16 years in the making: NOVUS delivers its first Urban Lightbikes — a new vehicle category between e-bike, scooter and motorcycle
In 2010, René Renger made a sketch. Not a business plan, not a CAD model — a drawing of a vehicle that didn’t exist yet. Something between an e-bike, a scooter, and a motorcycle. Lighter, cleaner, and more minimal than anything on the road. He called the concept a Lightbike.
Sixteen years later, on March 24, 2026, the first production units of the NOVUS One were handed to their owners at a launch event in Munich. It was, as the company put it, “a moment of historic emotional impact.” For anyone who has followed the NOVUS story through years of concept iterations, price revisions, and raised eyebrows from the motorcycle press — it also marked the end of a very long wait.
What is a Lightbike?
NOVUS is determined not to be called an electric motorcycle, and it’s not just marketing. The NOVUS One occupies a genuine gap in the vehicle taxonomy — one that existing categories don’t serve well. It is lighter and more agile than a motorcycle, more powerful and faster than an e-bike, and more purposeful and premium than a scooter. The company calls this new space the Urban Lightbike category.
The vehicle is built entirely from carbon fibre — monocoque frame, swingarm, fork, and wheels. There are no gears, no chain, no conventional body panels, and no visual clutter. The design follows a “cast from one piece” principle, without traditional fairings, with everything integrated into the carbon monocoque. The result is a machine that looks like it was designed from scratch for the city, rather than adapted from an existing vehicle category.
The specs are striking: 0–50 km/h in 1.9 seconds, 130 km/h top speed, 135 km urban range, 25 kW peak power, up to 430 Nm of torque in sport mode, and 80% charge in 90 minutes from a 6.2 kWh battery.
The software-configurable licensing trick
One of the most clever product decisions NOVUS made is entirely invisible: the vehicle can be software-configured as either an L1e (“moped” class) or L3e (“125cc motorcycle” class), and the classification can be changed later. In Germany, the L1e configuration can be ridden with a standard car driving licence (Class B). In Italy, Spain, and Portugal, even the full L3e configuration is accessible with a car licence.
This is not a trivial detail. It dramatically expands the addressable market — the NOVUS One is not just for motorcyclists. It is explicitly designed for the far larger population of urban dwellers who find cars too large, motorcycles too intimidating, and e-bikes too slow. The company describes it as “the only bike for bikers and non-bikers to redesign urban movement.”

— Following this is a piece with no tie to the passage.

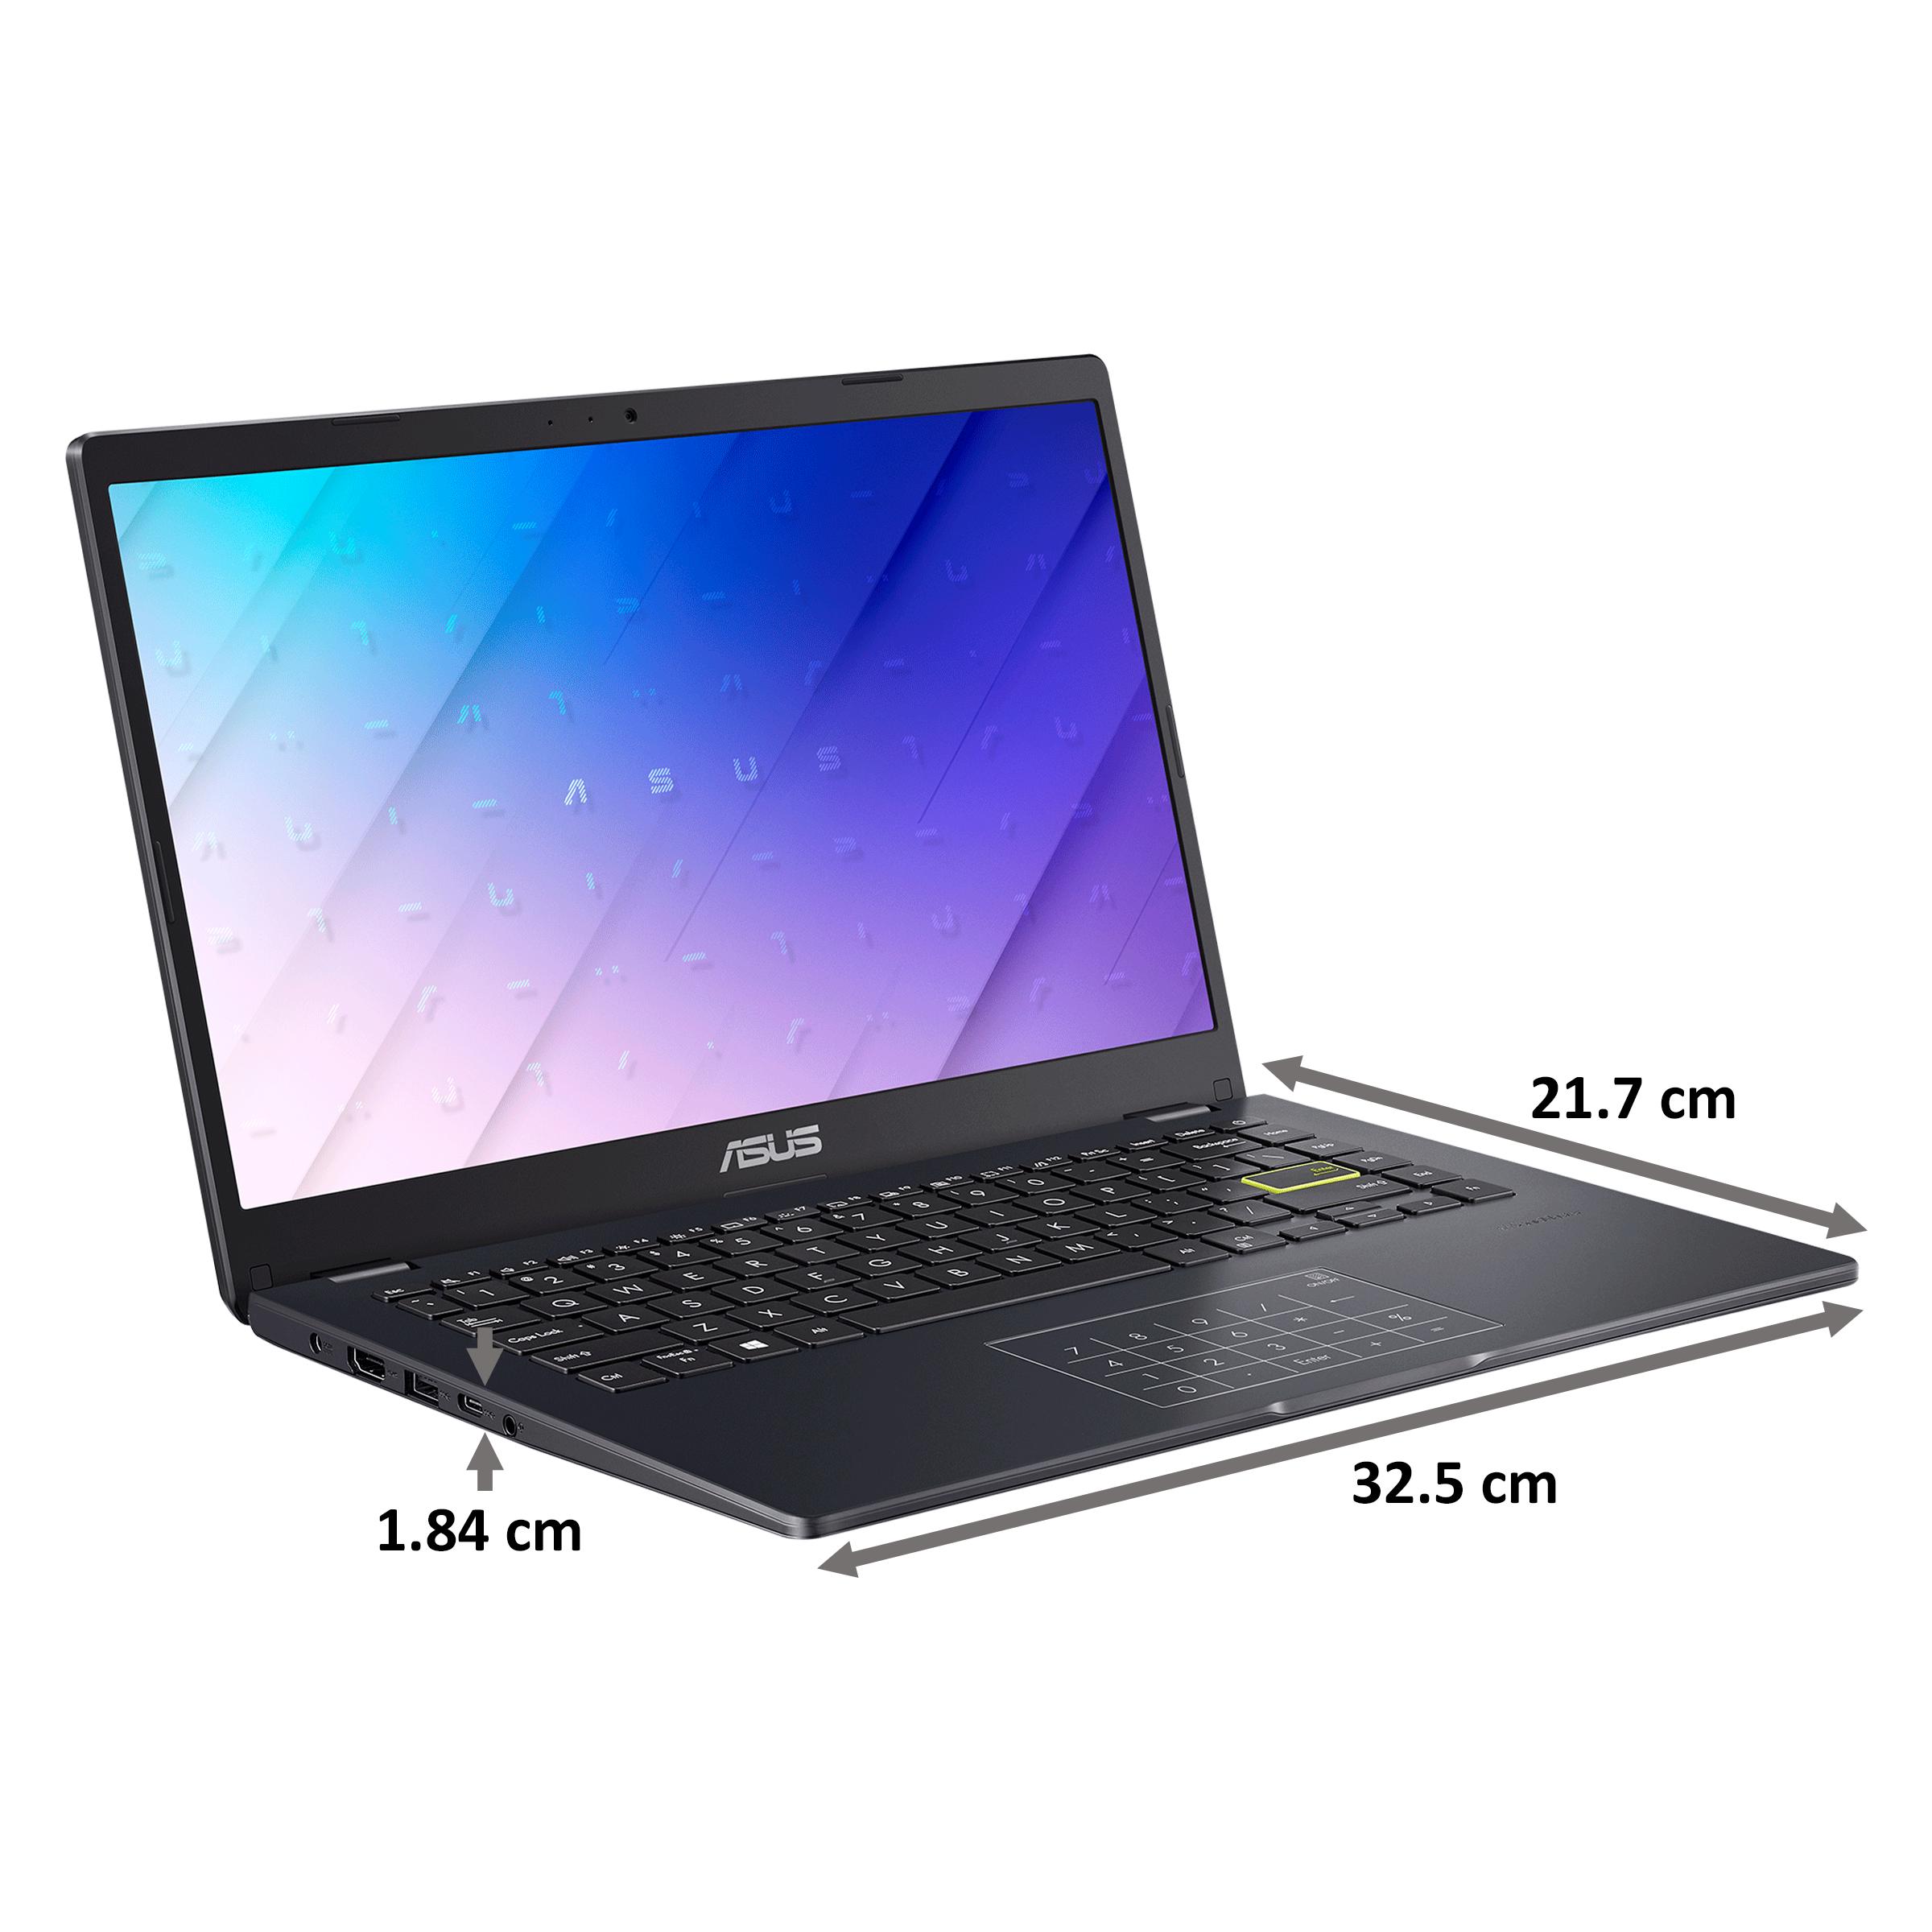 Asus E410MA-EB001T (90NB0Q11-M22940) Celeron Windows 10 Home Laptop (4GB RAM, 256GB SSD, Intel UHD Graphics 600, 35.56cm, Peacock Blue) 2

16 years: from sketch to series production
The NOVUS story is one of the more unusual in European hardware startups — a company that spent over a decade in development, revised its price from a 2020 announcement of €46,284 down to €21,300 netto for the Founders Edition in 2026, and consistently refused to rush production at the expense of quality.
The company was founded in 2019, but the story begins in 2010 with René Renger’s original Lightbike sketch. Development, design, and assembly all take place in Braunschweig, Germany. Components are sourced predominantly from Europe: carbon from Austria, the motor from Switzerland, chassis components from Belgium and Italy, and the battery from the Czech Republic.
The Founders Edition — limited to 100 units — comes with an unusual ownership proposition: the first 100 buyers collectively receive 1% equity in the company. It is community-building and cap table management rolled into one product launch.
The ecosystem behind NOVUS
NOVUS is backed by lead investor 468 Capital, alongside racing driver and shareholder Sophia Flörsch, and a group of executives and founders from adidas, Audi, BMW, CUPRA, Continental, New Balance, Chrono24, FINN, Forto, and Vay. Former Mercedes-AMG CEO Philipp Schiemer is among the supporters. The breadth of the shareholder base — spanning automotive, consumer, and startup ecosystems — reflects both the lifestyle ambition of the brand and the genuine cross-sector interest in what NOVUS is building.
The broader market rollout will follow the Founders Edition through the Doerr Group in Germany, and expansion into Spain and selected “lifestyle metropolises.” The US and UAE launches are planned for 2027.
The honest question: is it real?
Any honest writeup of NOVUS has to acknowledge the years of scepticism the company accumulated. After announcing a €39,500 concept at CES in 2019 with specs that seemed implausible, NOVUS spent years in a development cycle that tested the patience of followers and press alike. The RideApart headline said it plainly: “The Supposedly Vaporware All-Electric Motorcycle Might Actually Be Real.”
The answer, as of March 2026, appears to be yes — with a caveat. Production units have been delivered. Customers have taken possession of their bikes. The Munich launch event happened. But until owners begin posting real-world riding impressions, range tests, and reliability reports over meaningful distances, some healthy curiosity remains appropriate. The company has earned the right to be taken seriously. It hasn’t yet had the chance to prove itself at scale.
For a startup that has been building toward this moment since 2010, that is both a remarkable achievement and the beginning of the harder work.